All our prices are always net cash.
Unless otherwise agreed individually, an order and logistics fee of EUR 7.90 net will be charged per order in addition to the value of the goods.
For an order value of less than EUR 40.00 net, an additional A surcharge of EUR 8.00 will be charged for small quantities.
Our prices are based on the material prices, wages, and other costs applicable at the time the contract is concluded.
If one or more of these parameters change significantly during the term of a continuing obligation or a continuing delivery contract, we are entitled to adjust our purchase price claim, the compensation for use, or our remuneration claim at our reasonable discretion, in accordance with Section 315 of the German Civil Code (BGB).
For orders with a term of more than six months from the date of order placement, subject to a different individual contractual agreement, at least 1/3 of the agreed remuneration/purchase price must be paid upon ordering, a further 1/3 upon readiness for delivery, and the final payment of 1/3 upon delivery.
Prohibition of offsetting/rights of retention
The customer may only offset our payment claims if their claims are undisputed. or have been legally established.

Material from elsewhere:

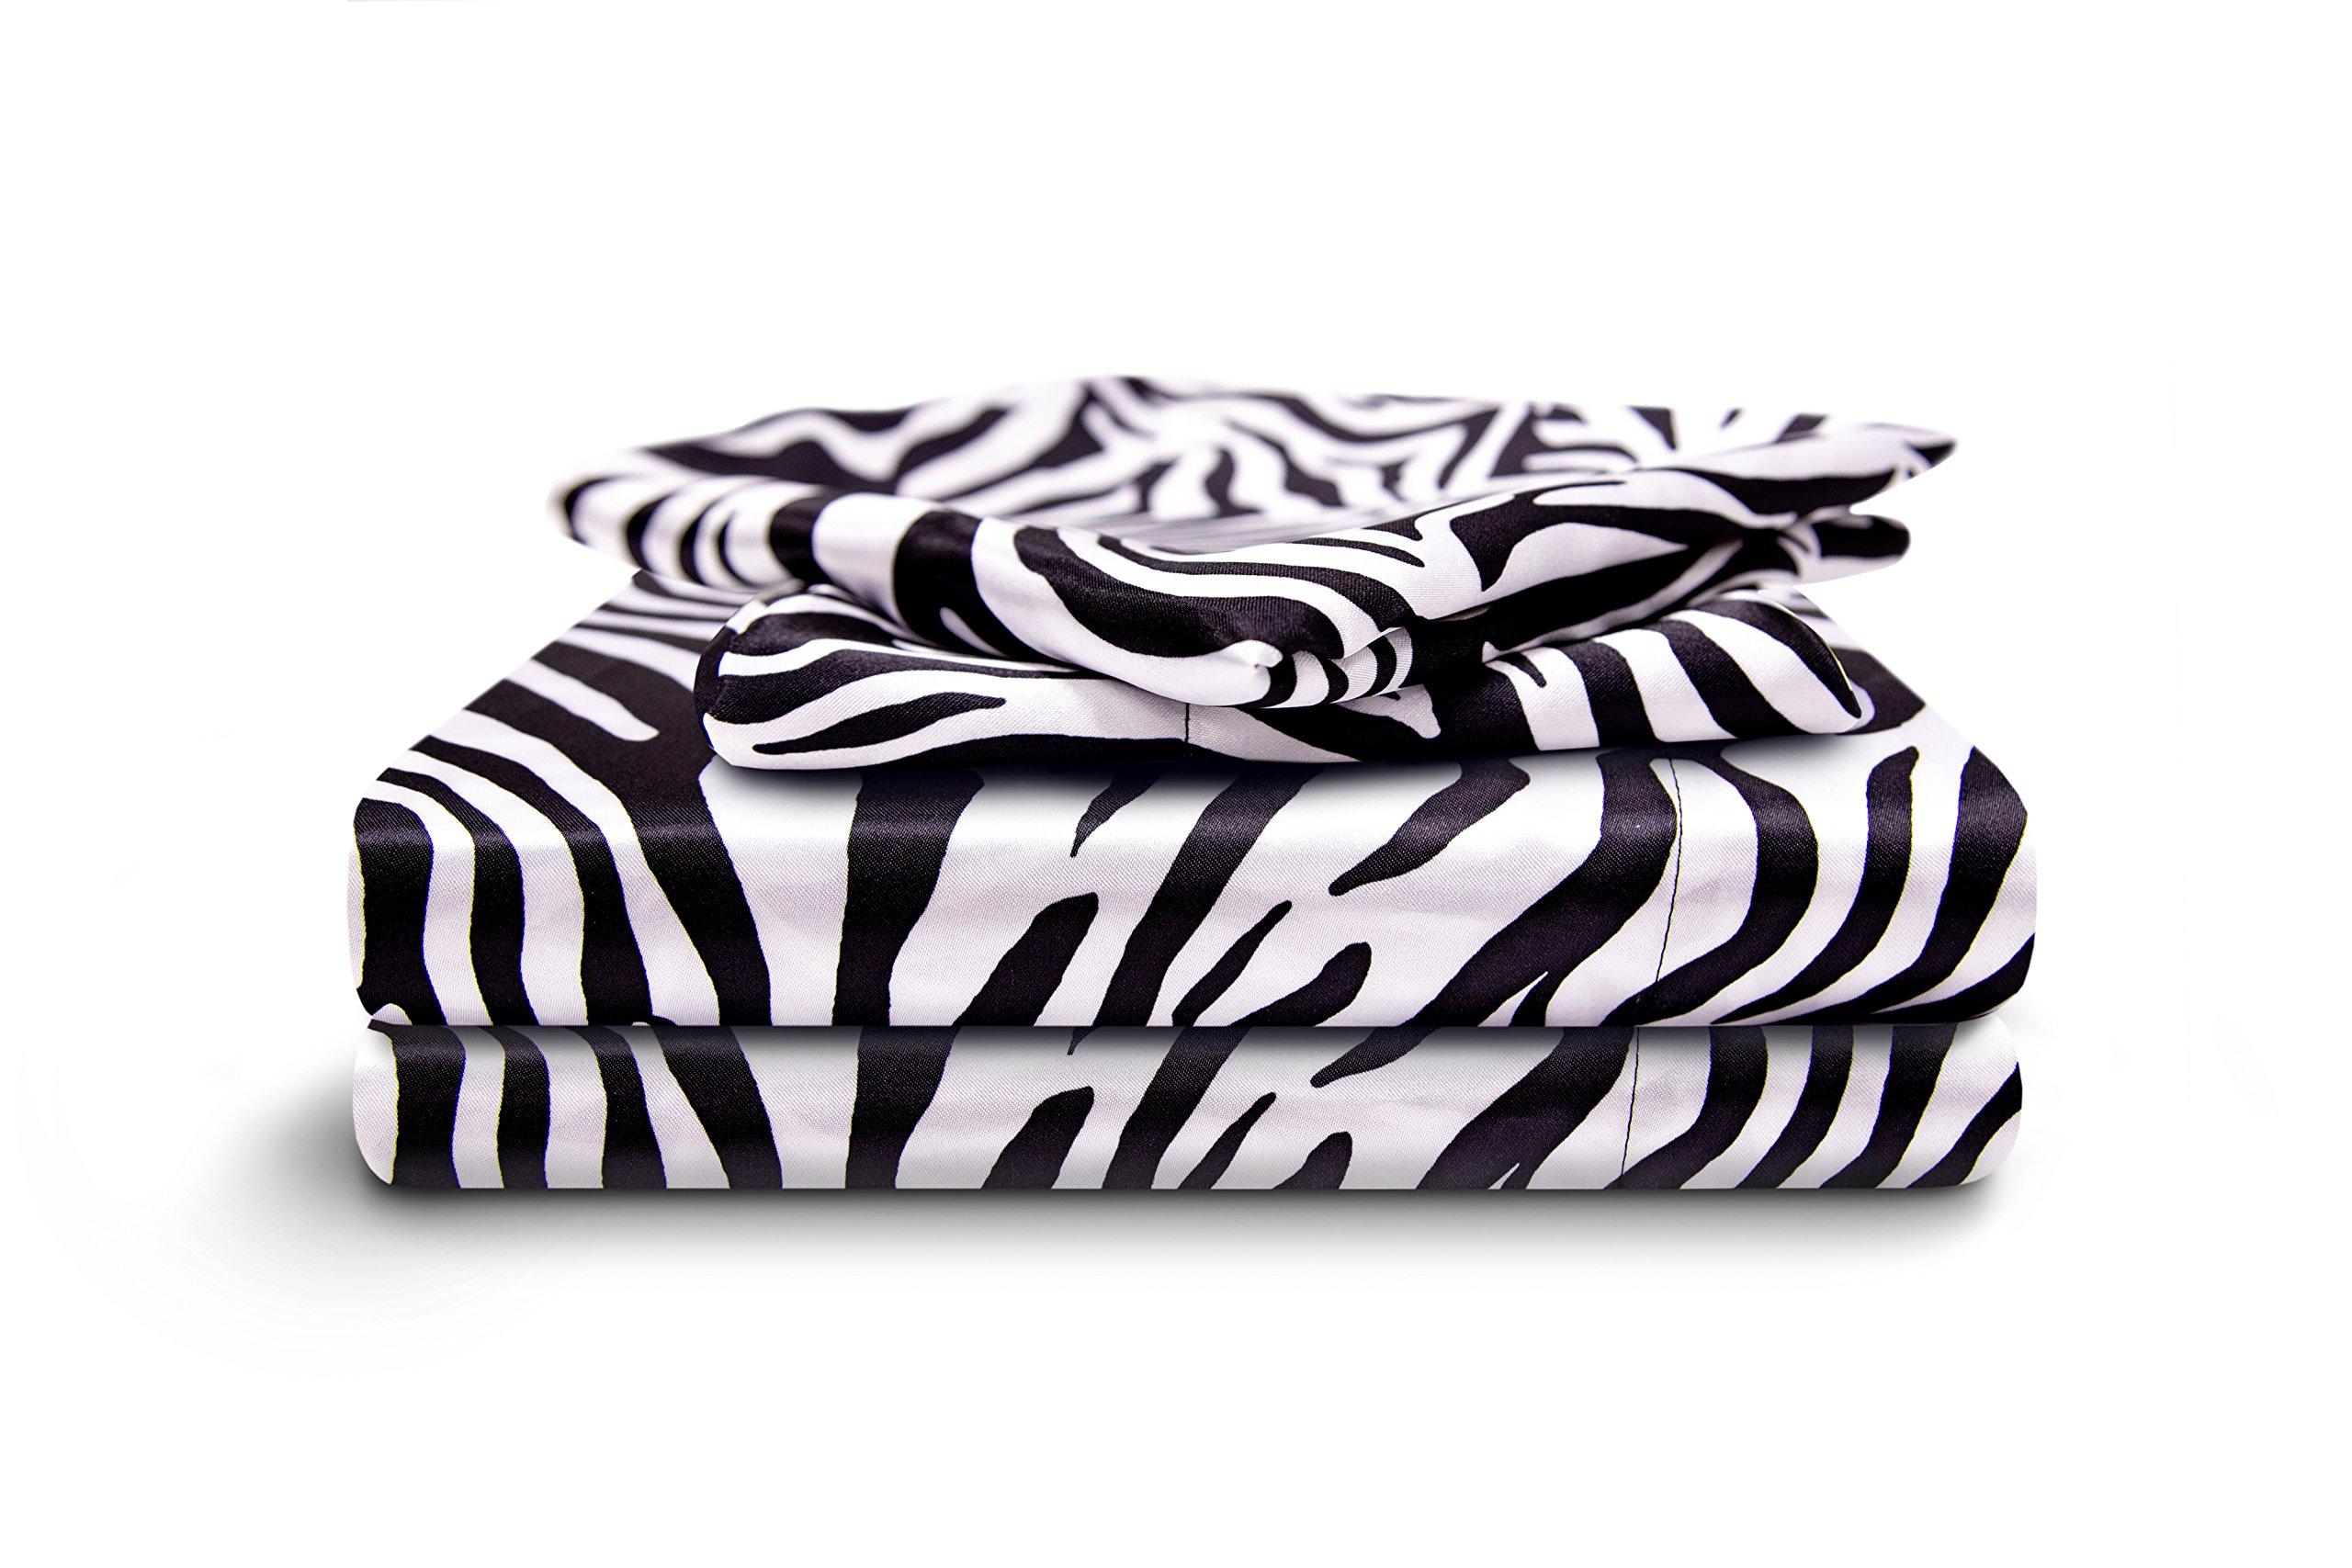 HONEYMOON HOME FASHIONS Queen Sheet Set Luxury Silkily Like Satin Bed Sheets, Zebra by HONEYMOON HOME FASHIONS (Image #1)

The customer may only assert a right of retention against us if it is based on claims arising from the same contract.
Special provisions for use, long-term delivery, and maintenance contracts
To the extent that one of the aforementioned contracts can be terminated for good cause, good cause exists for both parties in particular if:
a) insolvency, composition, or liquidation proceedings have been filed or initiated against the assets of the other party, or
b) the other party has significantly violated its deadlines despite a warning.
A good cause entitling the customer to extraordinary termination without notice also exists if the customer loses its contract to provide rescue services, regardless of the reason.
We are entitled to extraordinary termination of one of the aforementioned contracts without notice even if We are entitled to demand payment if the customer fails to meet their payment obligations despite the due date, even after a grace period of two weeks.
Properties according to the Medical Devices Act (MPDG) and the Medical Devices Operator Ordinance (MPBetreibV)
If we undertake inspection, maintenance, or other work on the customer's equipment or on equipment and medical devices provided to us, this expressly does not release the customer from their obligations and liability under the Medical Devices Operator Ordinance (MDG) and the Medical Devices Operator Ordinance (MPDG). We expressly do not assume the customer's legal position as operator and do not assume any resulting liability.
Place of Jurisdiction and Choice of Law
- For all current and future claims arising from the business relationship with merchants, legal entities under public law, or special funds under public law – including bills of exchange and check claims – the exclusive place of jurisdiction is Chemnitz.
- The same place of jurisdiction applies if the customer does not have a general place of jurisdiction within the country.
Applicable Law
These General Terms and Conditions and all legal relationships between us and the buyer shall be governed exclusively by the law of the Federal Republic of Germany, excluding international uniform law, in particular the UN Convention on Contracts for the International Sale of Goods.
Final Provisions
Should individual parts of these General Terms and Conditions or concluded individual contracts be invalid, this shall not affect the validity of the entire set of terms and conditions or contract.
The invalid agreement shall then be replaced by the legally permissible provision be replaced by a provision that most closely reflects, legally and economically, the intention of the parties expressed in the invalid clause.